Die lebhaften Seeotter sind perfekt an das Leben im Wasser angepasst. Ihr dichtes weiches Fell ist wasserabweisend, zwischen den Zehen haben sie Schwimmhäute. Die Ohren und Nasenlöcher können sie beim Tauchen verschließen. Bei Sonnenuntergang beginnen die Otter im Wasser Fische, Amphibien und Krebse zu jagen. An Land stellen sie allen möglichen Wirbeltieren nach.

Die sehr bewegungsempfindliche Barthaare helfen dem Otter, unter Wasser seine Beute auszumachen. Die ungewöhnliche aufrechte Stellung des Fischotters ist eine Beobachtungshaltung wie es auch das Alpenmurmeltier tut. Der Otter ist sehr scheu und ihn selbst wird man selten sehen. Die Füße der Tiere hinterlassen mit seinen  Schwimmhäuten auffällige Abdrücke.
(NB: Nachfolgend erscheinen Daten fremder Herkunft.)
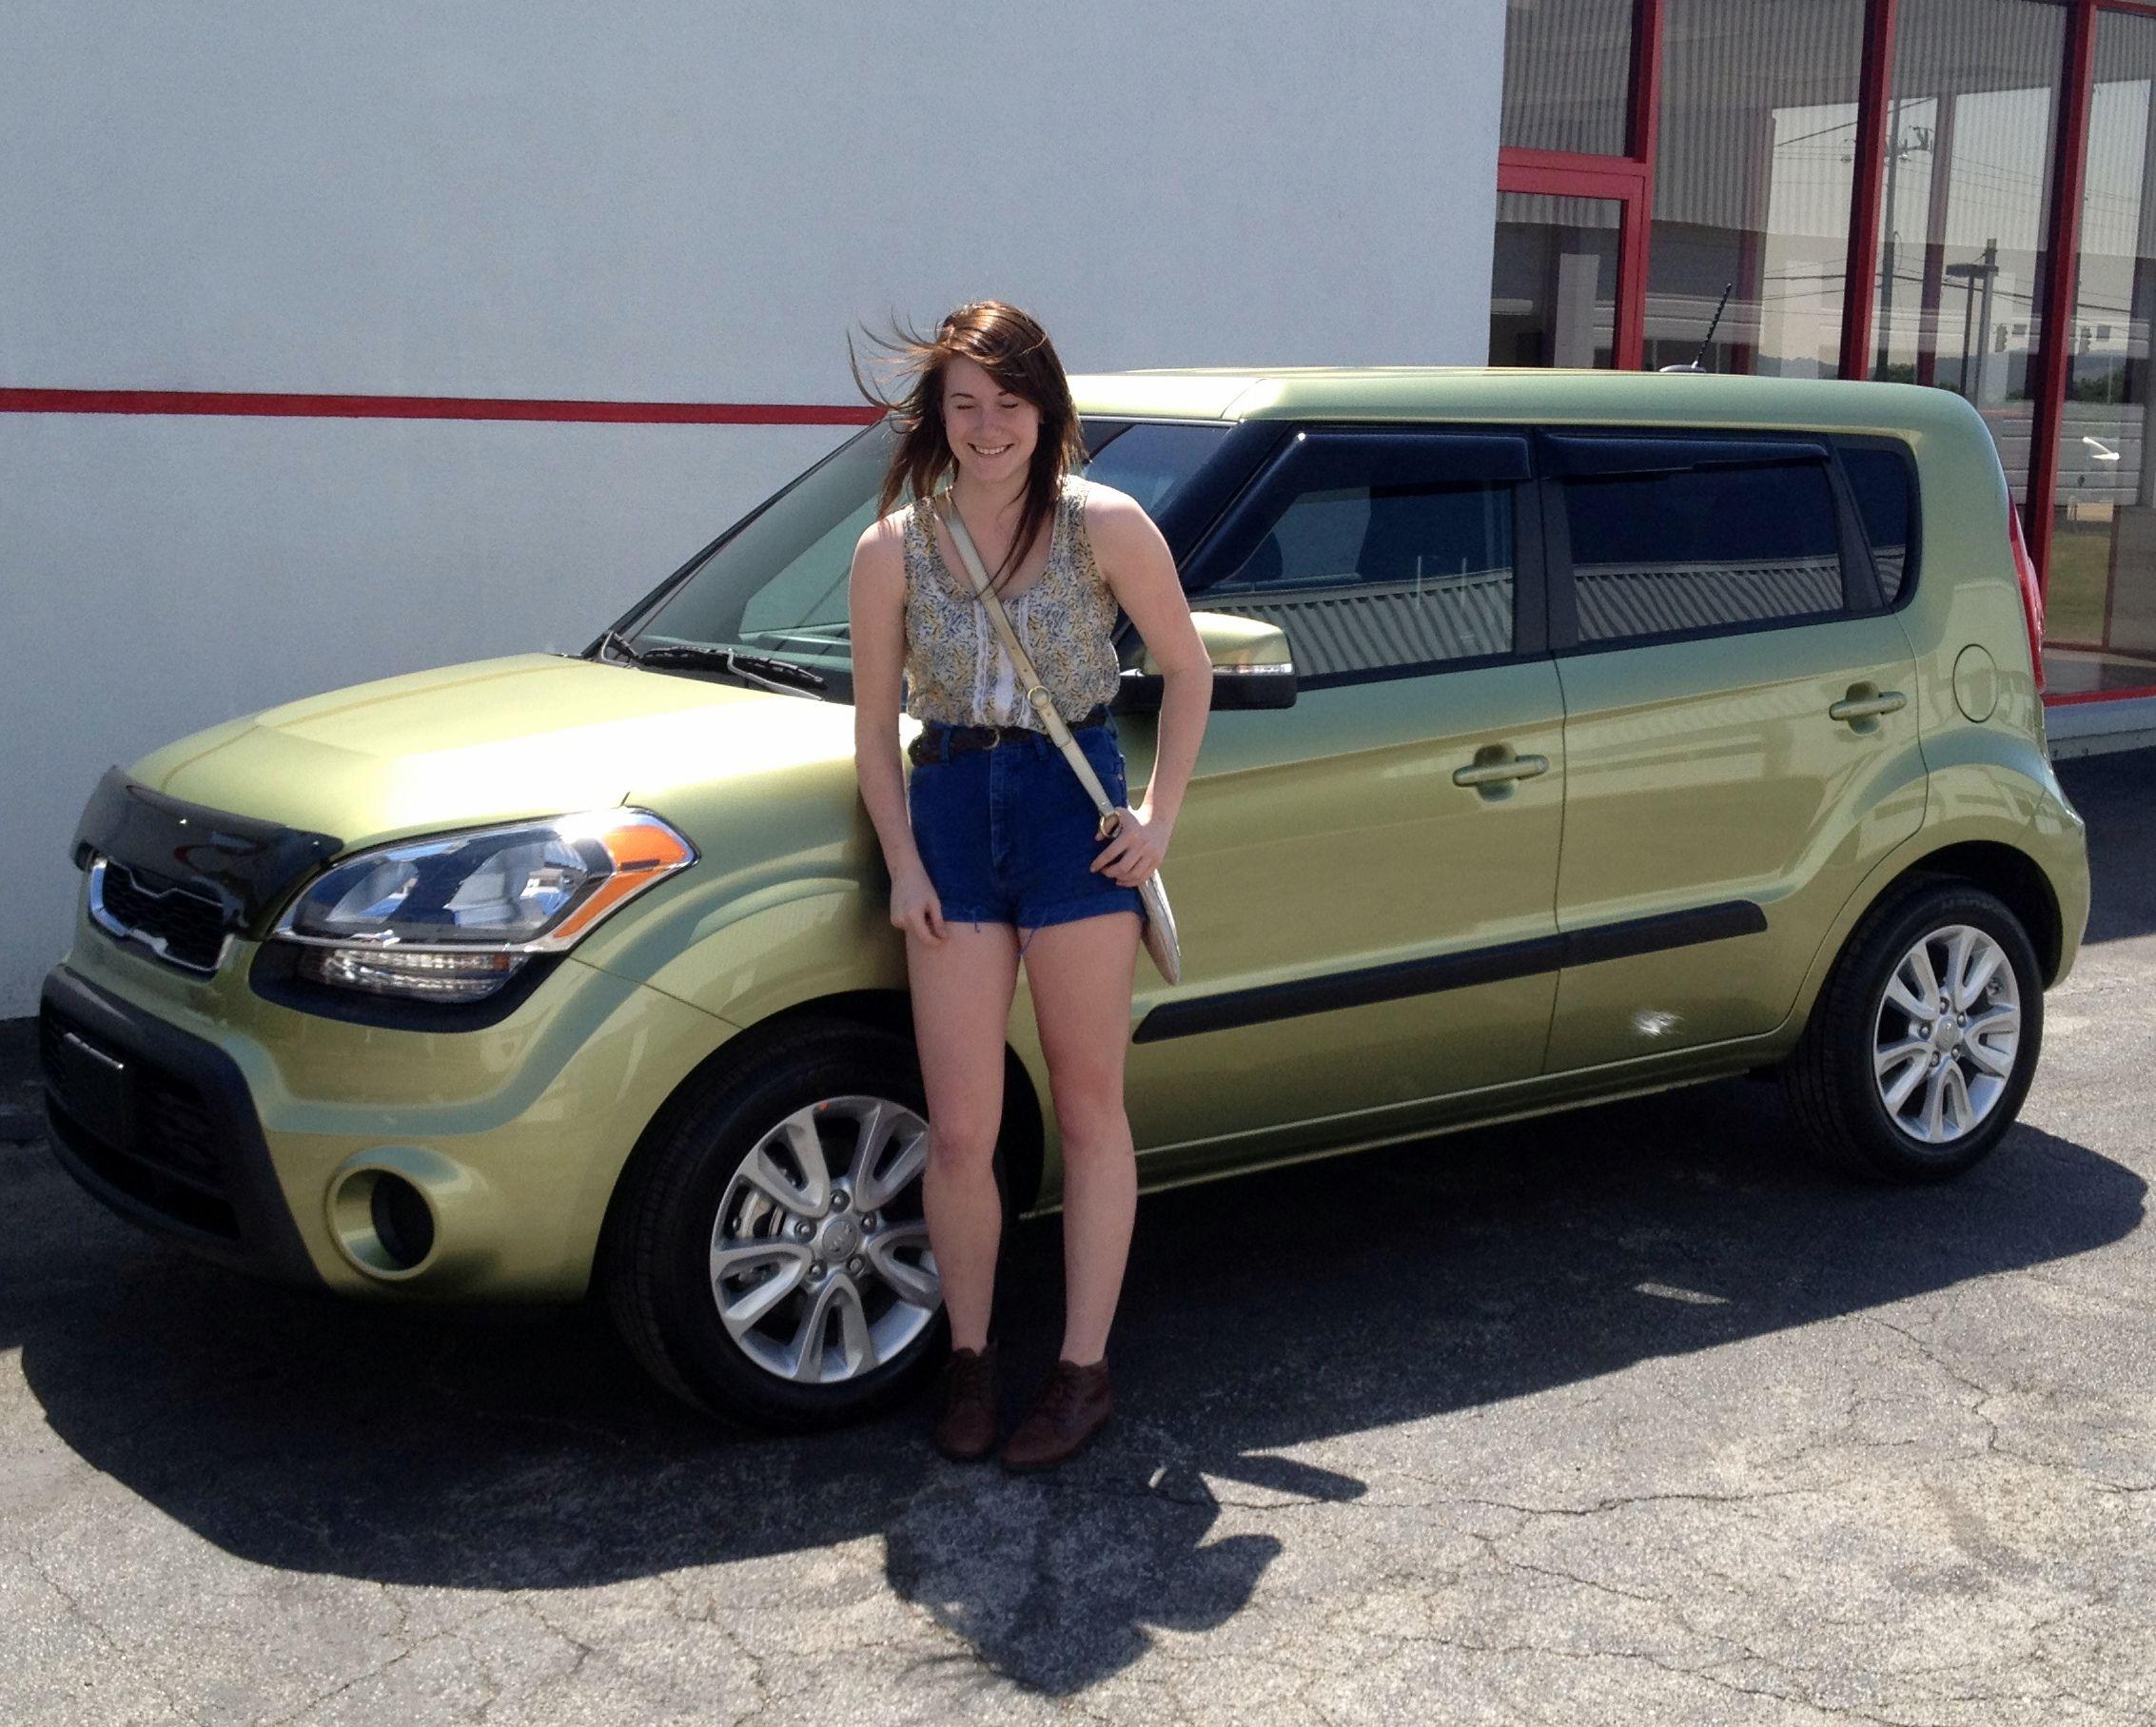 Grace Mills in front of her very first car A 2012 Kia Soul in Alien
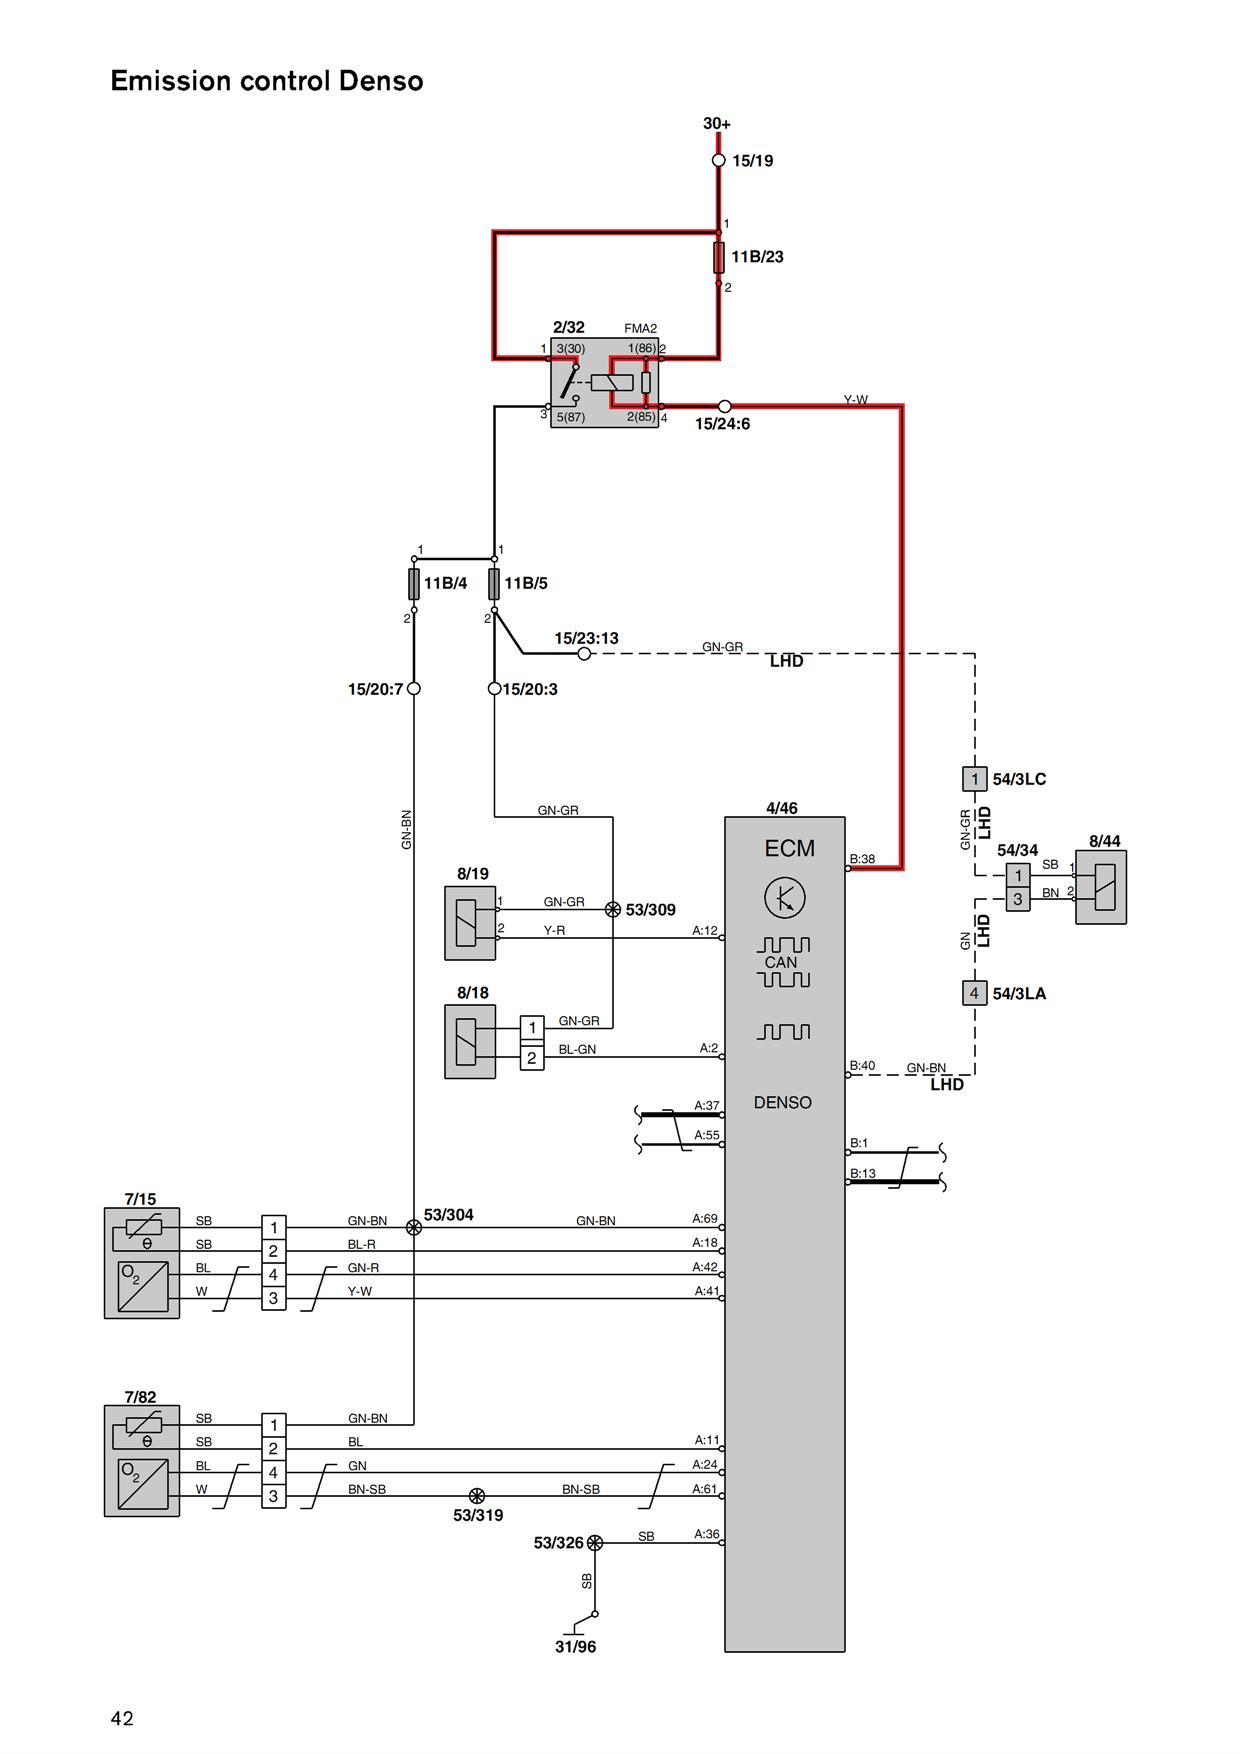 2002 S60 Check Engine Light

Der Seeotter klemmt sich einen scharfen Stein unter die Achsel und taucht bis zu ca. 40 Meter damit zum Meeresgrund ab. Von einem Riff wird ein Schalentier abgemeißelt und zur Oberfläche gebracht. Auf dem Rücken schwimmend legt sich der Seeotter zusätzlich einen flachen Stein auf dem Bauch. Mit dem anderen Stein wird dann die Schale der Muschel aufgeklopft und der Inhalt genüsslich verspeist. Der Spezies wurde wegen seines Fells fast ausgerottet. Es erfolgte im Jahr 1911 ein Jagdverbot und seitdem steigen die Bestände weiterhin an.

Seeotter Besonderheiten

Die Otter wälzen sich gerne an der Wasseroberfläche, dass ein Verhalten ist, was Wissenschaftlern lange ein Rätsel war. Doch genaue Untersuchungen der Tiere und insbesondere ihres Fells haben den Grund für diese Drehbewegungen enthüllt. Im Gegensatz zu den meisten Meeressäugern besitzen die Seeotter unter ihrer Haut keine dicke isolierende Fettschicht. Um ihre Körpertemperatur zu regulieren, um sich also in ihren kalten heimatlichen Gewässern warm zu halten, wälzen sie sich im Oberflächenwasser. So wird auf diese Weise Luft in ihrem langhaarigen Fell gespeichert. Die Luft dient dann der Wärmeisolierung.

Steckbrief Seeotter

Systematik

  • Ordnung: Raubtiere (Carnivora)
  • Überfamilie: Hundeartige (Canoidea)
  • Familie: Marder (Mustelidae)
  • Unterfamilie: Otter (Lutrinae)
  • Gattung: Enhydra
  • Art: Seeotter
  • Wissenschaftlicher Name der Art: Enhydra lutris

Merkmale

  • Größe Seeotter: Von 70 bis 120 cm, Schwanzlänge 25 bis 35 cm, Gewicht ca. 20 bis 40 kg. Die Weibchen sind deutlich kleiner mit geringerem Gewicht.
  • Dr Körper ist schlank und stromlinienförmig.
  • Das Fell hat eine braun bis rotbraune Färbung, der Kopfbereich hat eine hellgräuliche Farbe.
  • Die Tiere haben eine wasserdichte Unterwolle, die isoliert vor Nässe und Kälte schützt.
  • Die Hinterbeine mit Schwimmhäuten zwischen den Zehen dienen dem Tier als Paddel.
  • Der Seeotter kann ein Alter von ca. 10 Jahren erreichen.

Feinde

Verbreitung und Lebensraum

  • Die Raubtiere halten sich tropische und subtropische Gewässer. Seeotter verbringen den größten Teil ihres Lebens in den küstennahen Flachgewässern und bevorzugen dabei felsige Regionen.

Nahrung

Fortpflanzung

  • Die Geschlechtsreife erreichen Weibchen mit 4 bis 5 Jahren, Männchen ab 6 Jahren.
  • Bei der Paarung umarmen sich die Pärchen mit der Stellung Bauch zu Bauch.
  • Im Sommer und Herbst finden die meisten Paarungen statt, können aber das ganze Jahr über stattfinden.
  • Die Tragzeit der Weibchen beträgt 150 bis 270 Tage, meist wird nur ein Junges geboren mit einem Gewicht von etwa 1,8 kg.
  • Das Jungtier lernt mit ca. sechs Wochen das Schwimmen und wird von der Mutter in der Zeit von fünf bis acht Monaten alleine gelassen.